In my critical introduction I explore the process of writing as well as how my writing and the writing of others use food. The sections in the introduction are: "My Inspiration," "Why Have I Written About Food?," "Cultural Feminism and Food," and "The Chinese American Woman: How Religion and Philosophy Act Against the Cultural Feminism Ideal in Amy Tan's The Joy Luck Club." The ideas discussed in each of these sections are at least loosely connected with my stories.

When I started working on this project I understood that food could have a great impact on a person as well as on a people. And one of the things I needed to do for this project was to determine the ways in which food impacts us. My list of the ways food impacts us when I started consisted of psychologically, physically, and sociologically as a representation of culture. I now understand that food impacts us in all those ways, while it also affects us in the ways that we relate to our culture, and the ways our culture relates to us. Food in my stories represents all these things.

The stories I present in this collection are inspired by food, and reading them with this in mind is important. But these stories are also explorations of identity; specifically what are the experiences of men and women in relation to food. All of my stories have some element of this struggle that occurs in individuals when they are part of or are not part of the assigned cultural roles for men and women. The child's memories of the mother in "The Golden Calf" are of her in the kitchen. One of Will's problems, in "The First Supper," is that his wife is dead and he can't cook for himself. Ruth seduces M.T. in part with her BBQ ribs in "Lee Family BBQ Sauce." And the father fondly remembers his mother's cooking in "An Incomplete Supper."

Because of the difficulty of defining what an "American" food is I focused not on particularly "American" dishes but on the innovations in the preparation and consumption of food as well as the eating habits of the average American. We, on average, eat more meat than the rest of the world; and so, two of my stories include meat. We eat out more than other countries; and so, I have written about eating out. And we associate certain foods with the unpleasant atmosphere of hospitals.
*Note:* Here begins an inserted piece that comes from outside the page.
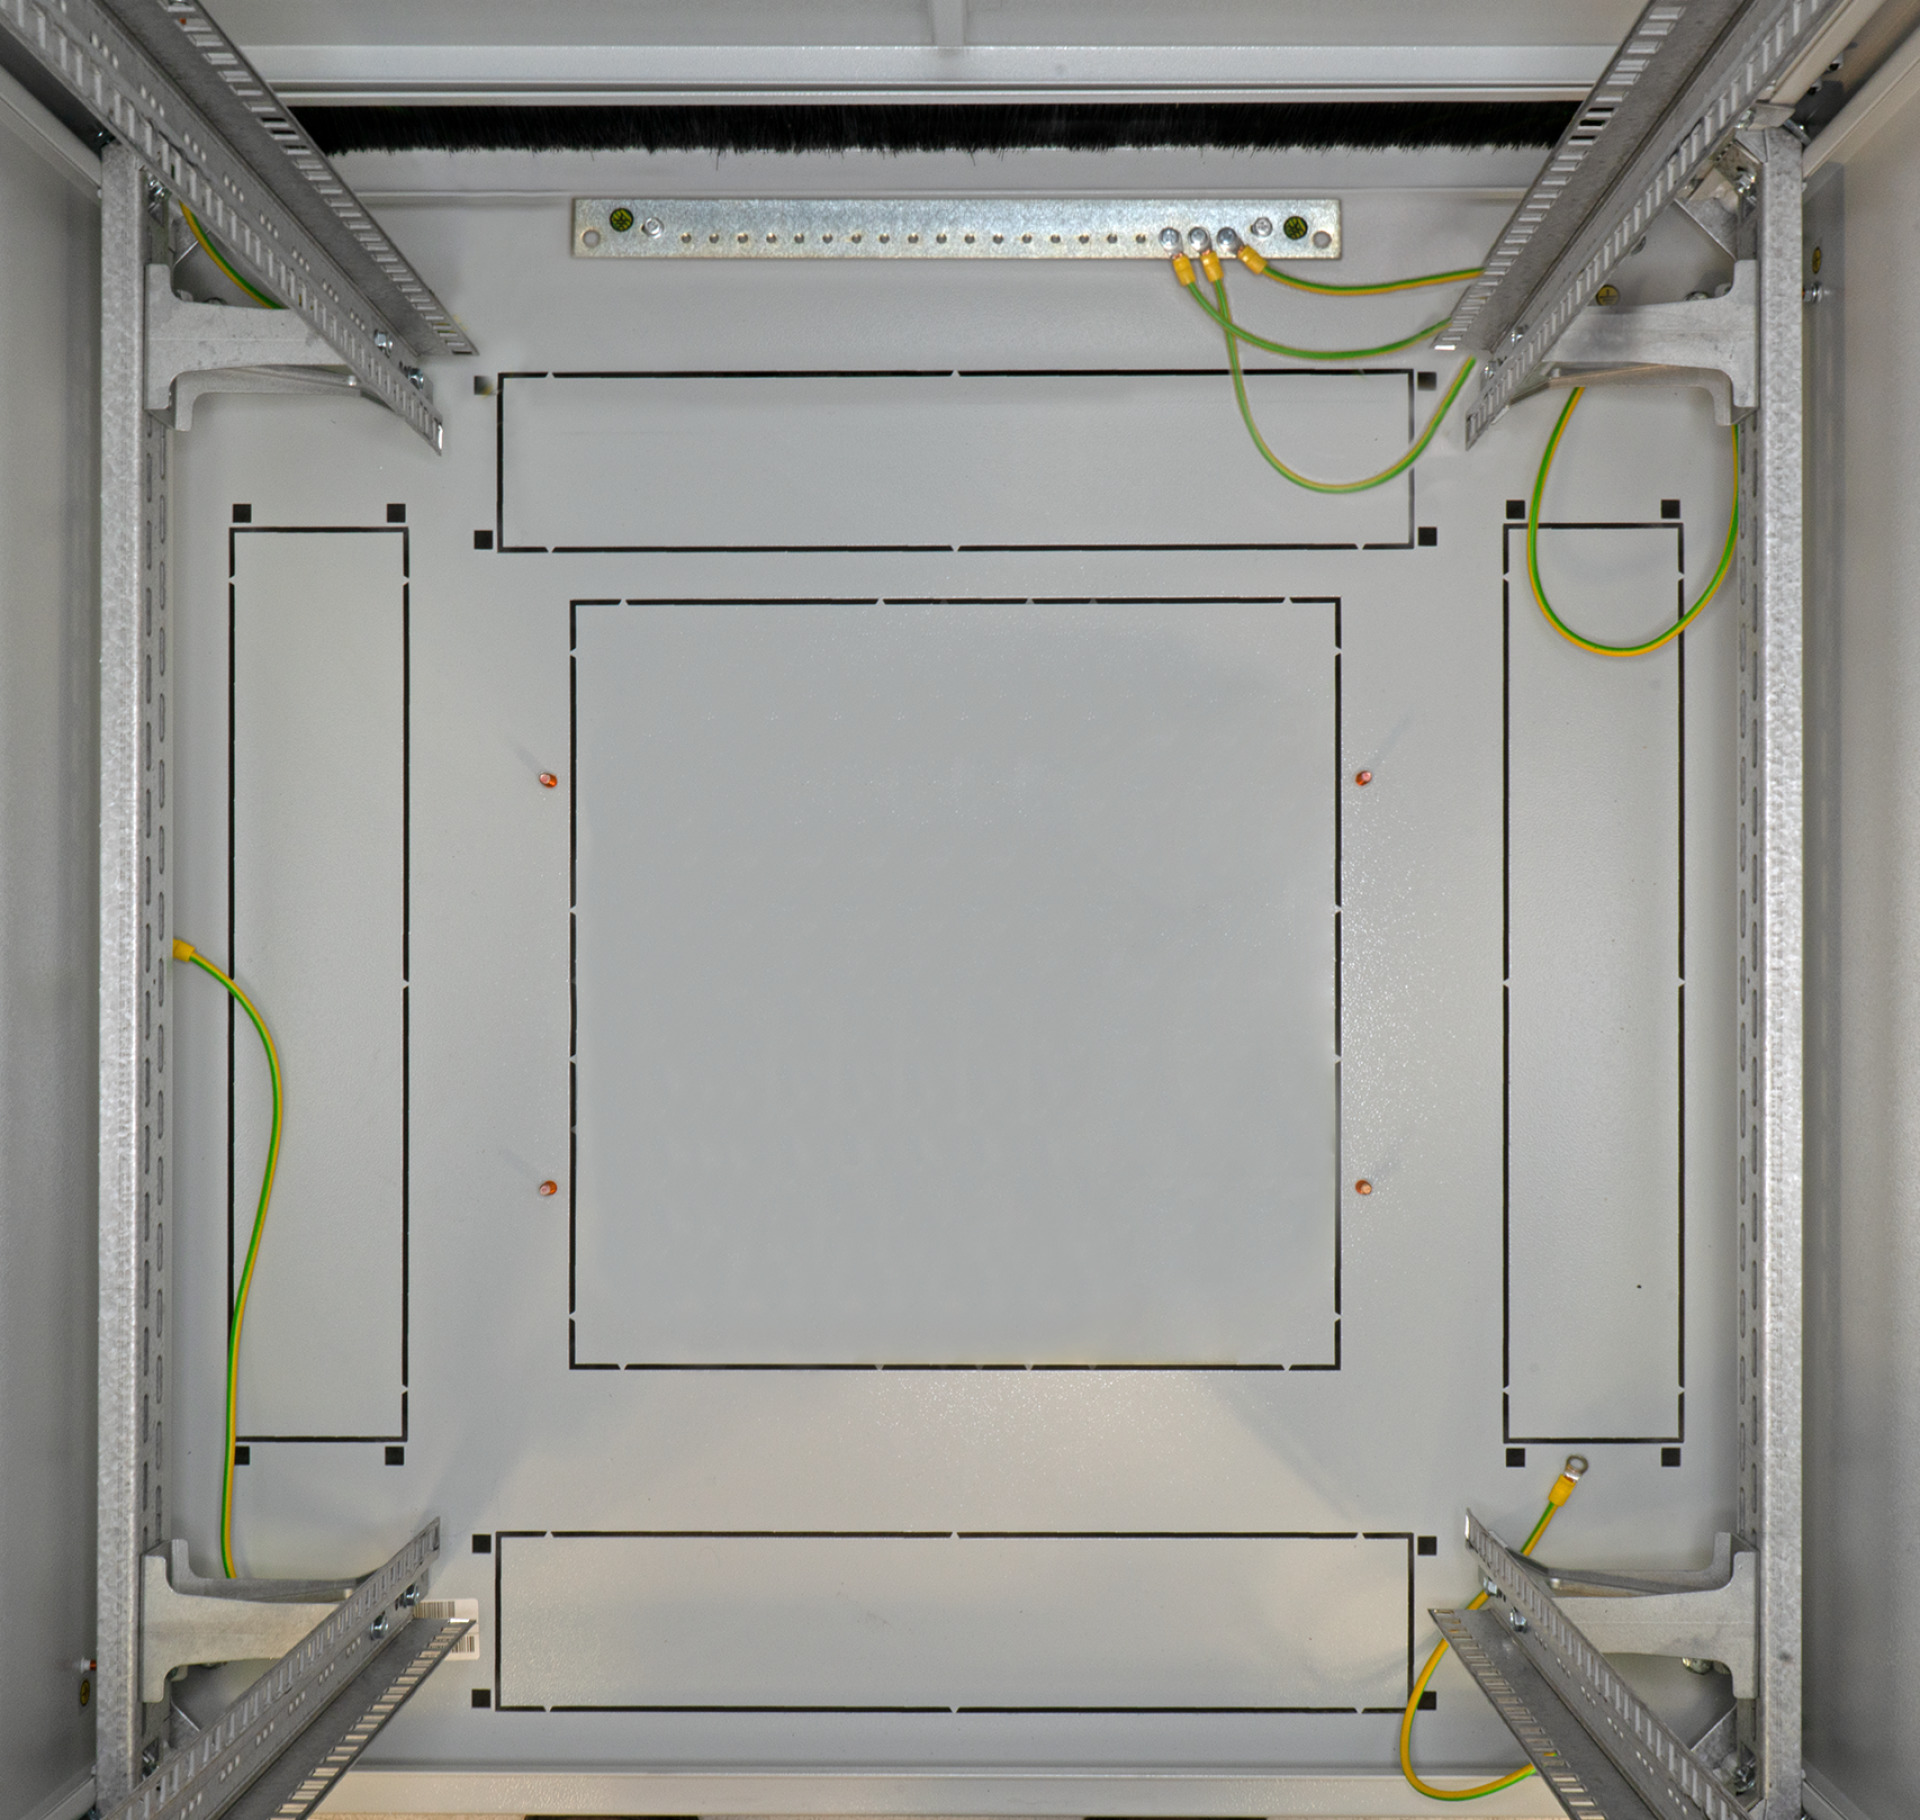 19" Network Cabinet PRO 42U, 800x800 mm, RAL7035

In "The Golden Calf" a son recalls an event in which he was responsible for the death of a calf. With the muddled thinking of youth he responds in a shocking way to the calf's death. "The First Supper" was inspired by an Albert Brooks film titled Defending Your Life. During his meal Will struggles with the confusion associated with the ascension to heaven. The pain and turmoil between a father and son is interrupted in "An Incomplete Supper." "Lee Family BBQ Sauce" features a confused cowboy and a strong woman who find each other over a pile of ribs.

From "The First Supper":

"Sir, you seem awfully tired and wore out. You know you can stay here if you want to. All of these people you see here have been here for hundreds of years."

He says, "No, thank you" and turns for the door again. And then he sees that it indeed is dark out. Or is dark now. He begins to wonder just how long he has been there. He feels the urge to get home again, but he stops with his hand on the handle of the door.